*Task prompt*. The expected output is exactly the lines below, starting at the line with "Cowes Royal Yacht" and ending at the line with "Overhead view of", both included; no other line belongs in it.

--- Entries supplied ---

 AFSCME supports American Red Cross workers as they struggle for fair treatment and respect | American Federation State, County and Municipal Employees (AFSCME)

---
--- Entries supplied ---

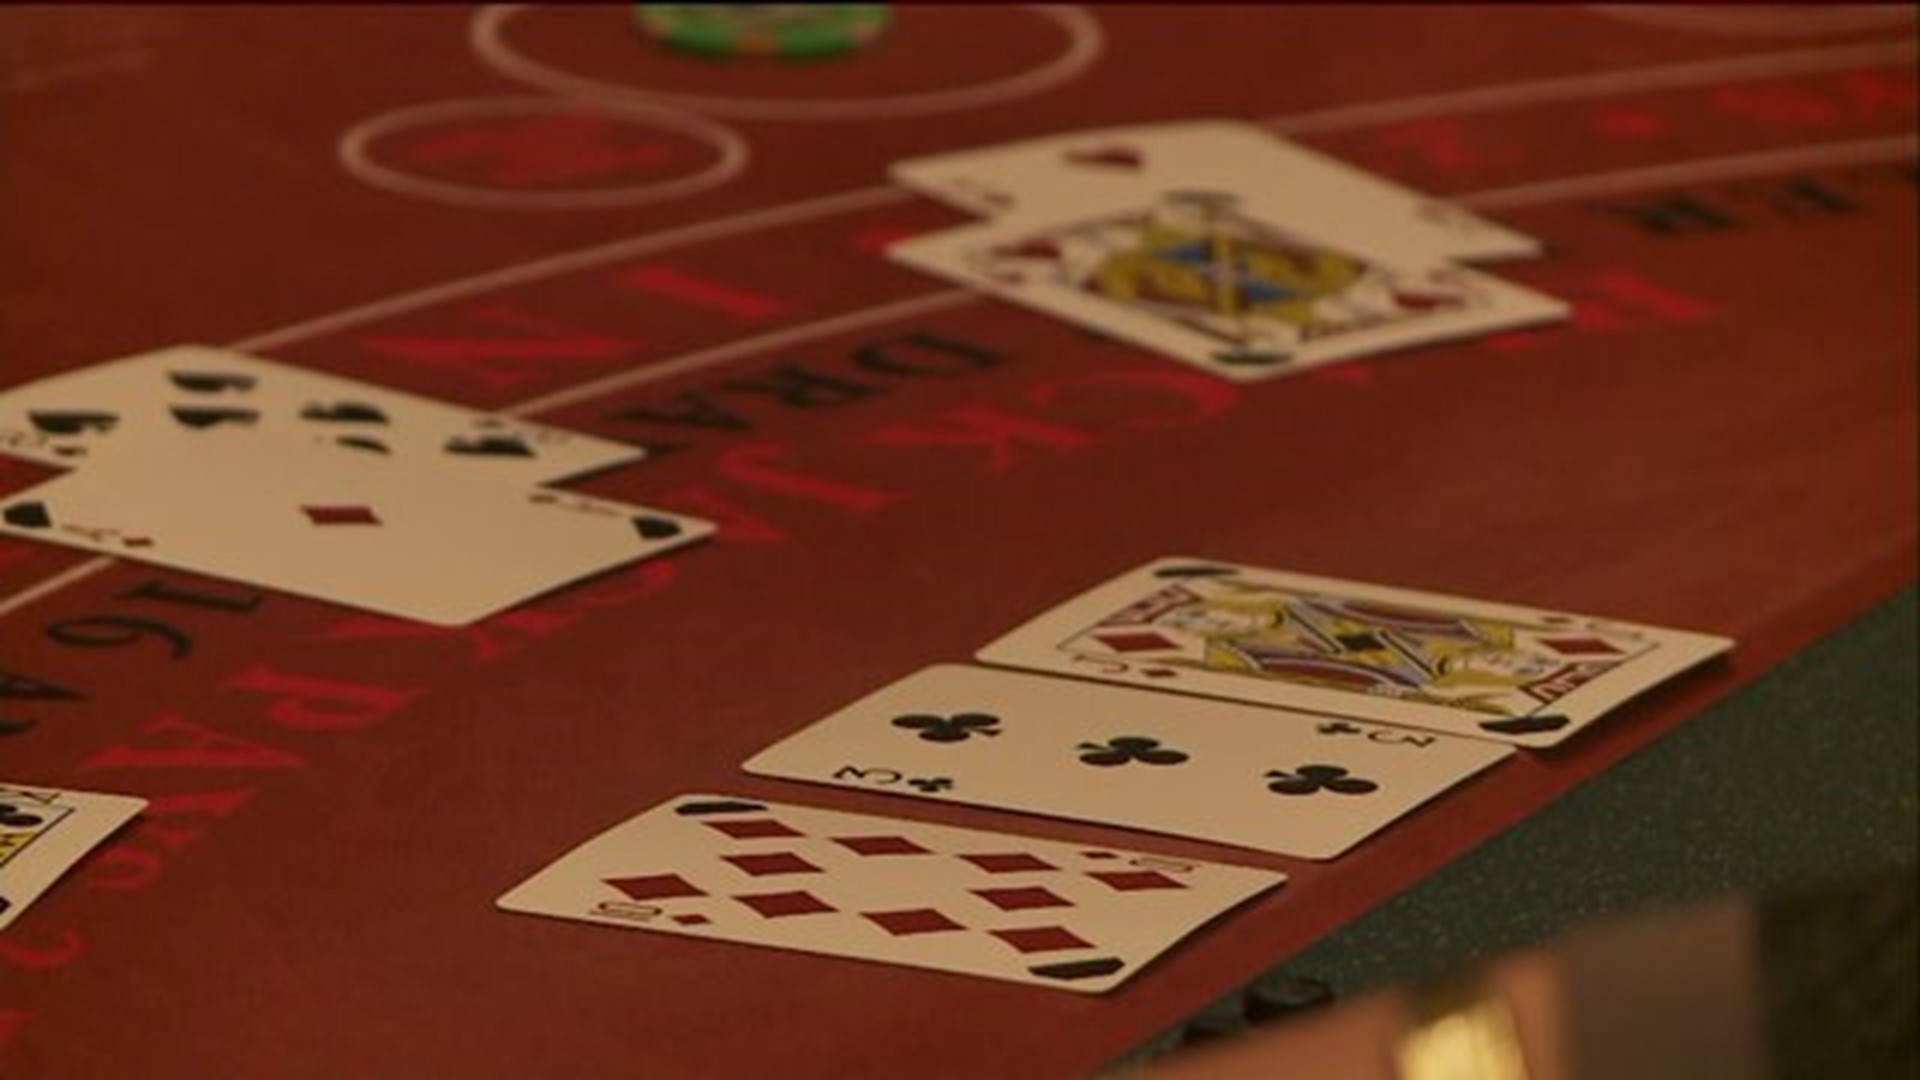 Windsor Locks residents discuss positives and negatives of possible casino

---
--- Entries supplied ---

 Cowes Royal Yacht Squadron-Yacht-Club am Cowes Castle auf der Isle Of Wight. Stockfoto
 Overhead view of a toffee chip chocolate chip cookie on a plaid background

---

*Expected answer*.
 Cowes Royal Yacht Squadron-Yacht-Club am Cowes Castle auf der Isle Of Wight. Stockfoto
 Overhead view of a toffee chip chocolate chip cookie on a plaid background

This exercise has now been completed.